Making serious money can be difficult when the Dow Jones and Nasdaq are sitting near record highs.
So to earn massive gains in a short period of time, we need to look at beaten-up stocks and identify the ones that have the best chance of bouncing back by 20%, 50%, or even 100% within months.
But other times, stocks fall because of a market overreaction. Fearful investors – worried about the costs of an acquisition, the departure of a prominent executive, weak earnings, or rumors of an adverse public relations event – will dump their shares and push them to bargain levels.
To identify the stocks that are poised for big bounce-backs and can surge quickly back to the upside, we tap into the Money Morning Stock VQScore™ system.
Developed from our proprietary valuation algorithm, the VQScore identifies undervalued stocks with the highest profit potential by using a blended analysis of a company’s earnings-per-share acceleration and building demand for the stock.
The VQScore system runs on a scale of 1 to 4. A score of 4 indicates a stock is a “Strong Buy.”
Why Oil Will Rise Throughout 2019
Oil prices are set to rise in the United States as the summer driving season commences.
U.S. sanctions on Venezuela and Iran are having a profound impact on refiners’ ability to procure crude required for diesel fuel.
Russia and OPEC (which includes Saudi Arabia) will continue to cut crude production to bolster support.
And optimism continues to rise about a trade deal between the United States and China.
Today, we found the best oil stock to buy that recently earned one of our top VQScores and is ready for a huge bounce-back in the next few months.
The Permian Bounce-Back Oil Stock to Buy
Cimarex Energy Co. (NYSE: XEC) is an oil exploration and production company based in Denver, Colo.
It’s an oil and gas producer with extensive production in the Permian Basin and Mid-continent fields. The firm produced 251,000 barrels of oil per day in the fourth quarter of 2018.
Last year, the company’s stock plunged thanks to a sharp decline in oil prices during the third and fourth quarters of 2018. But things are about to turn around – and quickly – for this stock…
There is no place hotter for oil price right now than the Permian Basin in West Texas, where Cimarex has extensive operations.
On Friday, Chevron Corp. (NYSE: CVX) announced plans to purchase Anadarko Petroleum Corp. (NYSE: APC), a large player in that region. Chevron is competing against its large rival, Exxon Mobil Corp. (NYSE: XOM), to secure acres and maximize every oil well.

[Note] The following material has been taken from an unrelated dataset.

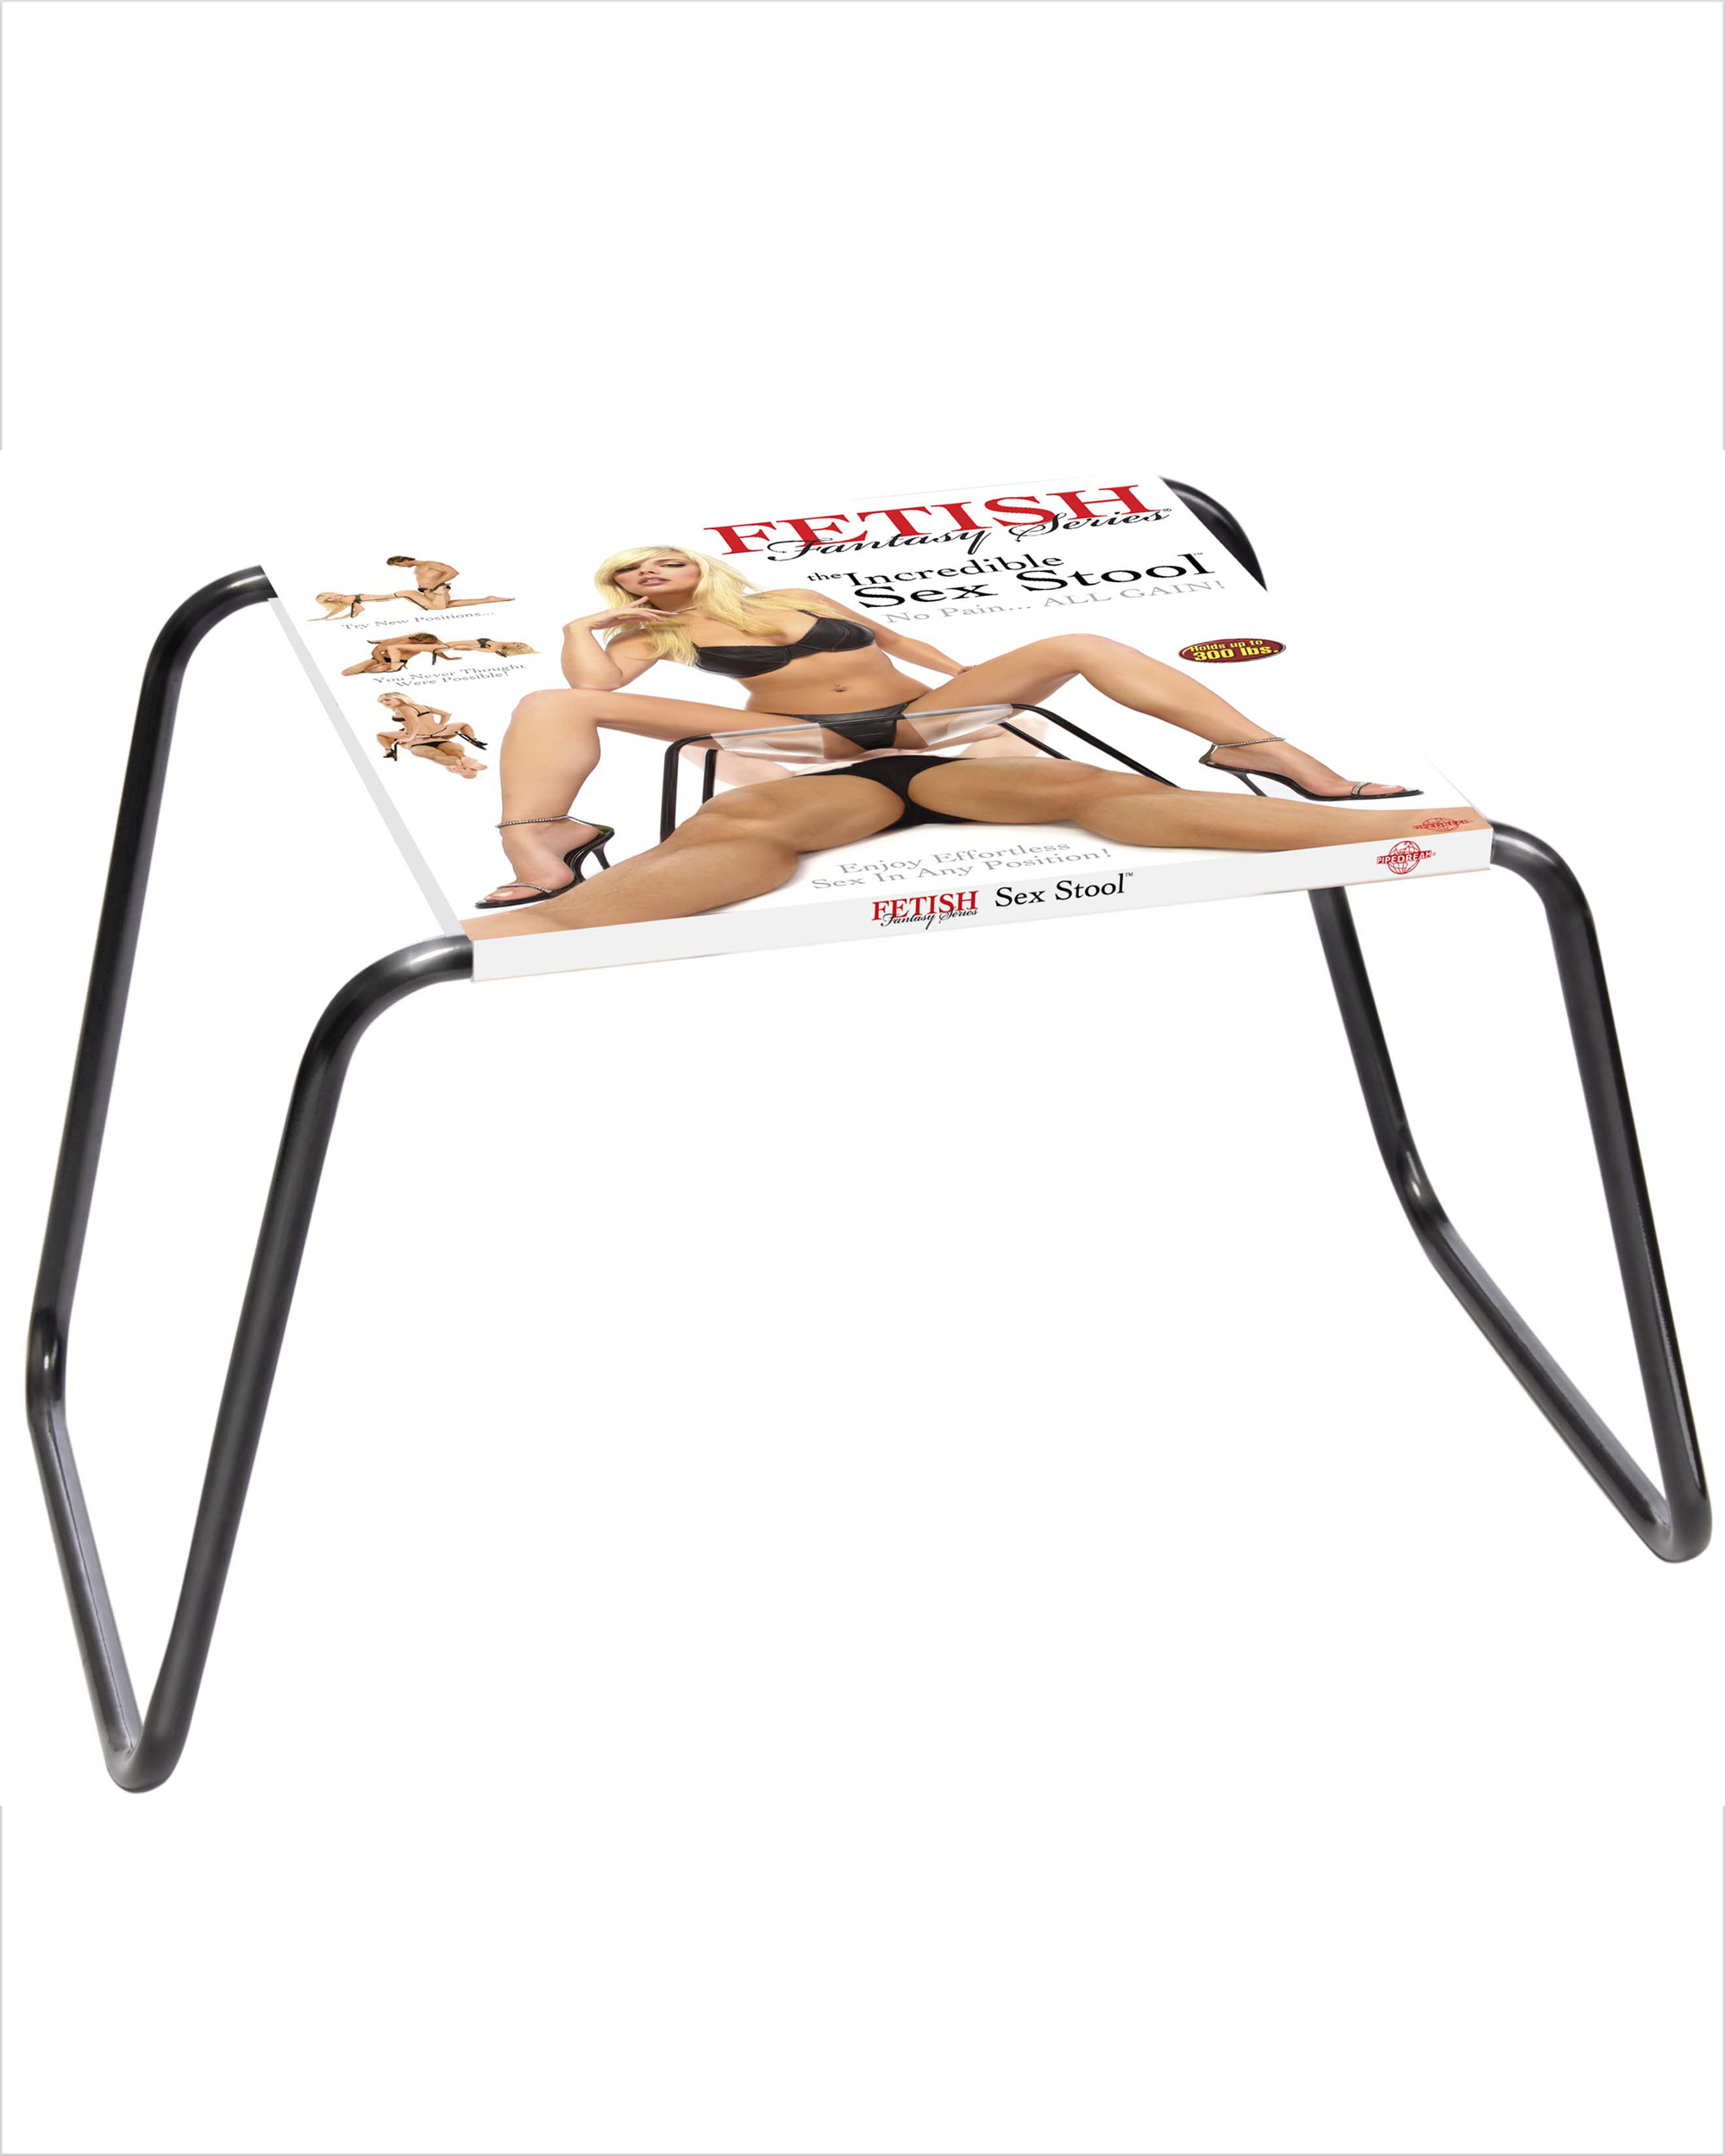 FETISH FANTASY THE INCREDIBLE SEX STOOL  - PD219800

This M&A rush comes at a time when oil prices are set to rise and pipeline expansion across the region will help reduce the glut of crude in the Permian.
Where Cimarex Fits into the Picture
Cimarex has increased daily production by 17% annually over the last three years.

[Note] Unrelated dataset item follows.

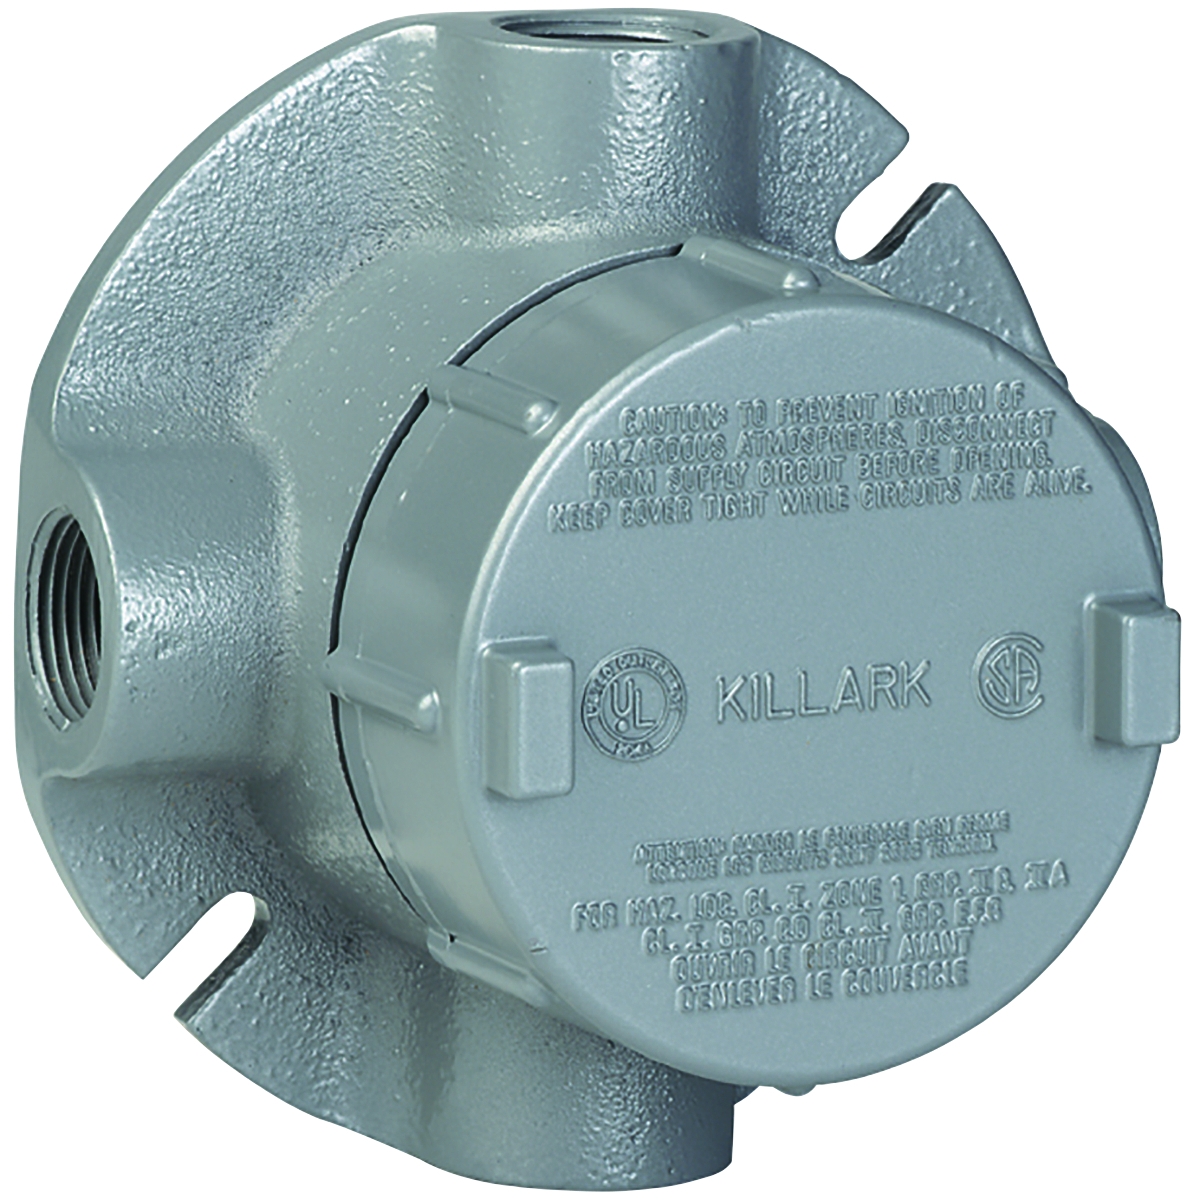 GEC SERIES FITTINGS - ALUMINUM - OUTLET BODIES WITH MOUNTING FLANGE -XTF TYPE OUTLET BODY - HUB SIZE 1 IN - VOLUME 19.0 CU IN

And it’s about to make an even bigger splash in the Permian this year. According to the company’s Q4 report, it plans to invest 85% of its capital expenditures into the Permian.
As it expands, the firm will become a takeover target in this red-hot region. It wouldn’t surprise me at all to see Exxon buy Cimarex out completely to keep up with Chevron.
Cimarex’s stock is cheap compared to its industry rivals, too. XEC stock trades at a price/earnings ratio of just 8.08 – less than half the industry average of 19.06.
Its price-to-book ratio is also only 1.93, which is much lower than its peer-average of 3.30.
But the number that is so much more important: Cimarex’s 4.75 VQScore.
This number means the stock is a “Strong Buy” because shares are ready to break out soon.
In fact, XEC broke out and gained more than 4.4% last Friday. But there’s no sign that Cimarex is set to slow down anytime soon.
The energy giant has a potential upside of 52% to $105 per share.
Higher oil prices mixed with greater pipeline capacity in the Permian Basin make XEC stock one of the top oil companies to rebound in the year ahead.
And don’t forget that it remains a takeover target by a larger rival trying to shield itself from larger E&P giants looking for access to the Permian.